*** Block opens ***

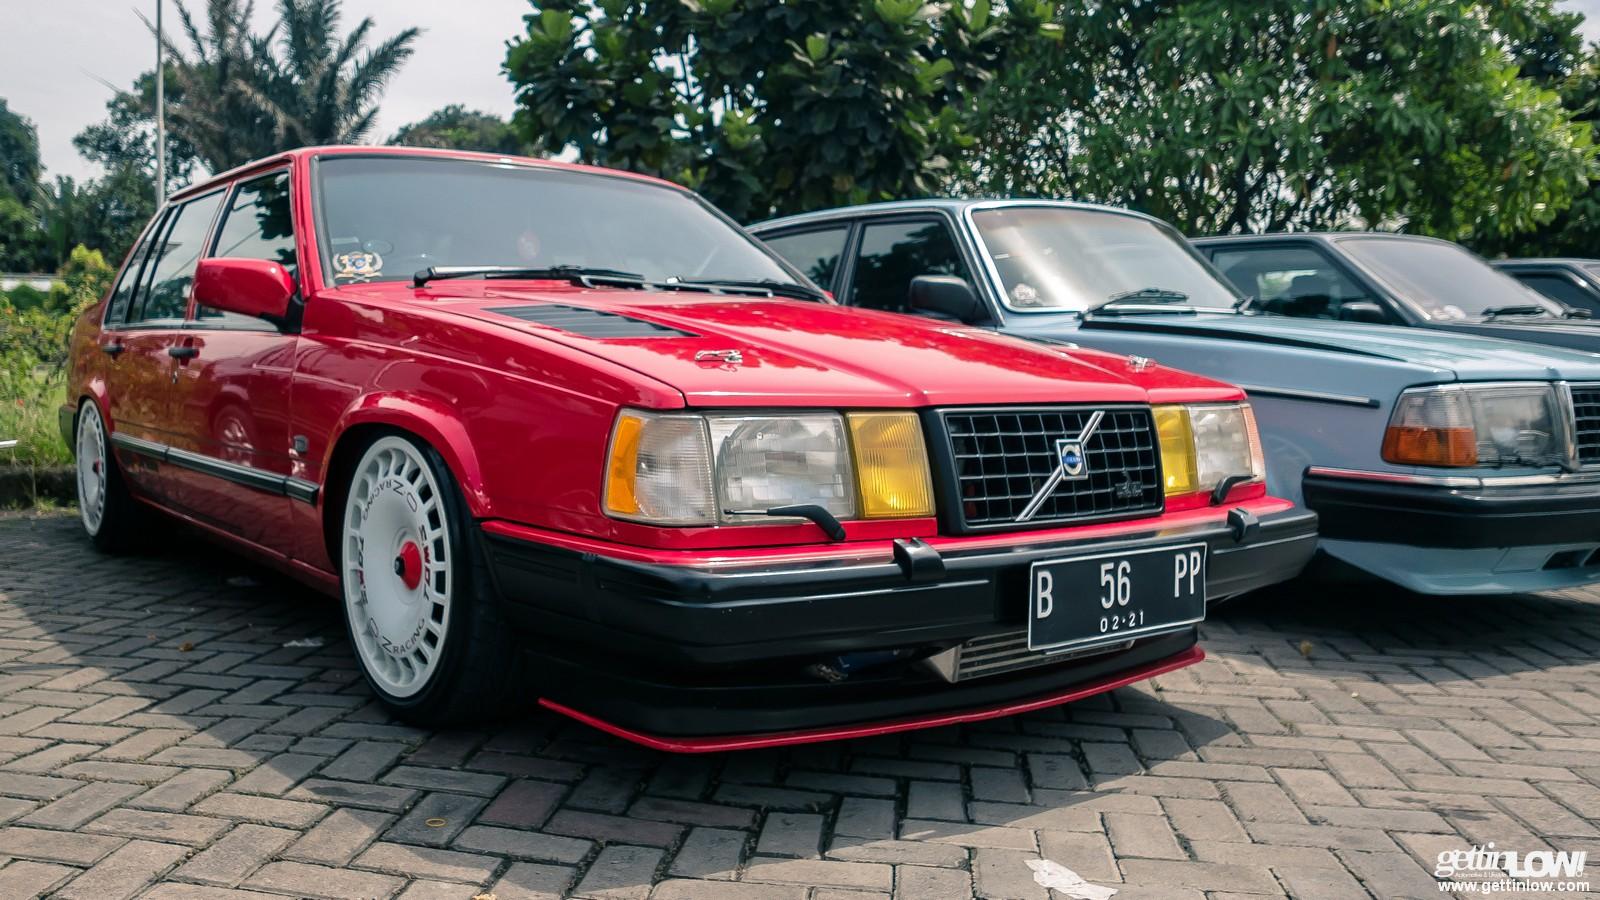 Image Result For Honda Grand Civic Club Indonesia
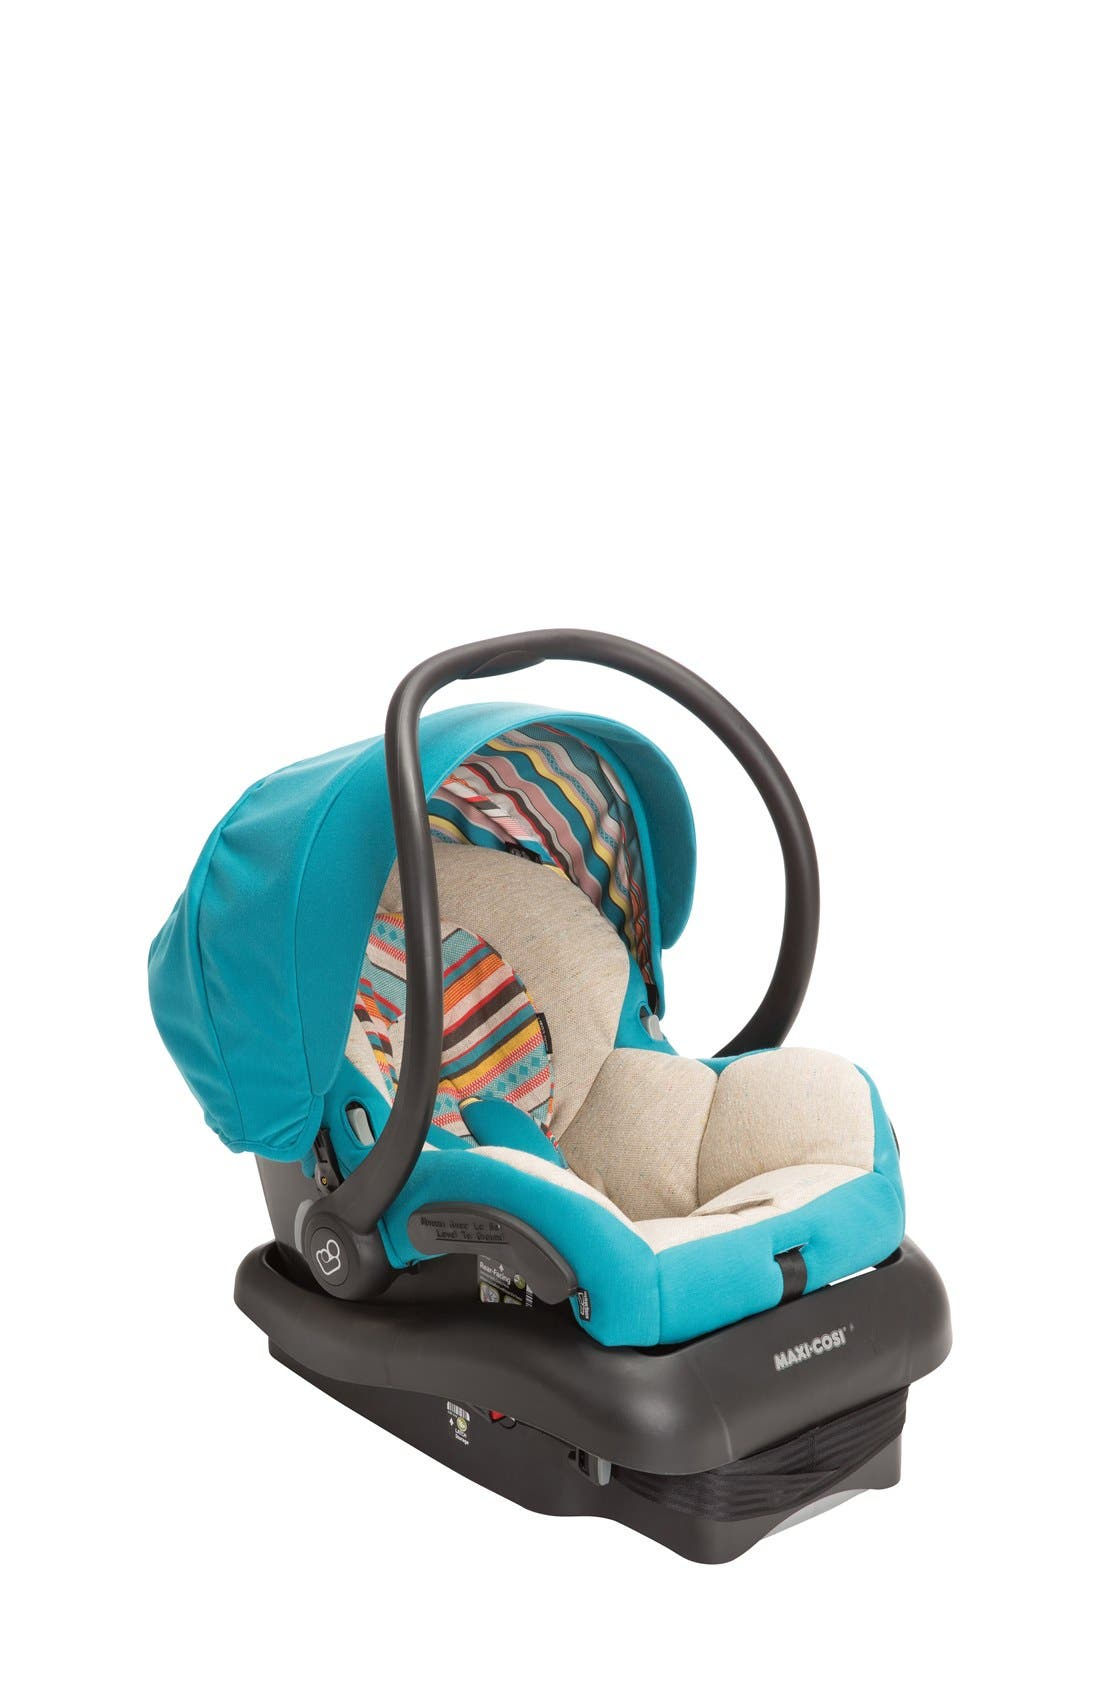 Alternate Image 1 Selected - Maxi-Cosi® 'Mico AP' Infant Car Seat
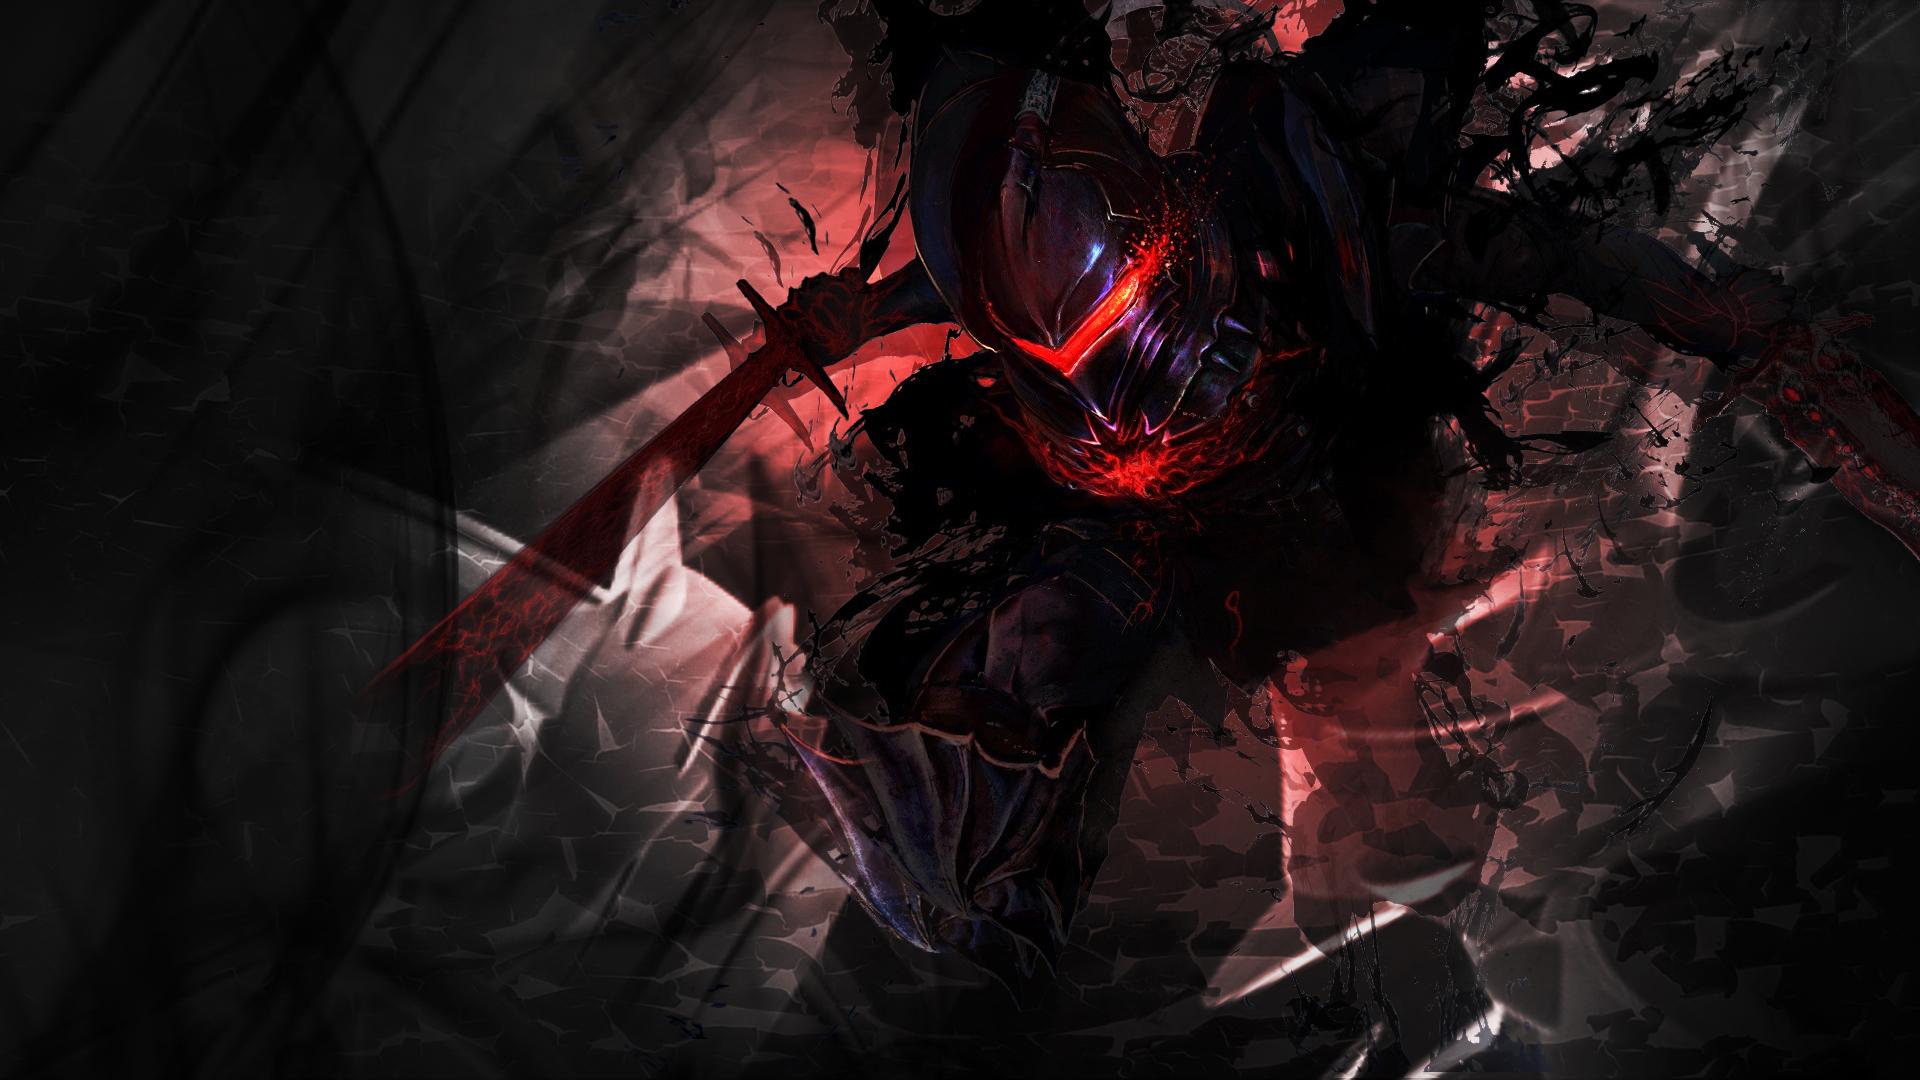 berserker hd wallpaper and background image

*** Block closes ***

* [What you need to do] Without any pictures, return the material above exactly.

* [Output of the exercise]
 Image Result For Honda Grand Civic Club Indonesia
 Alternate Image 1 Selected - Maxi-Cosi® 'Mico AP' Infant Car Seat
 berserker hd wallpaper and background image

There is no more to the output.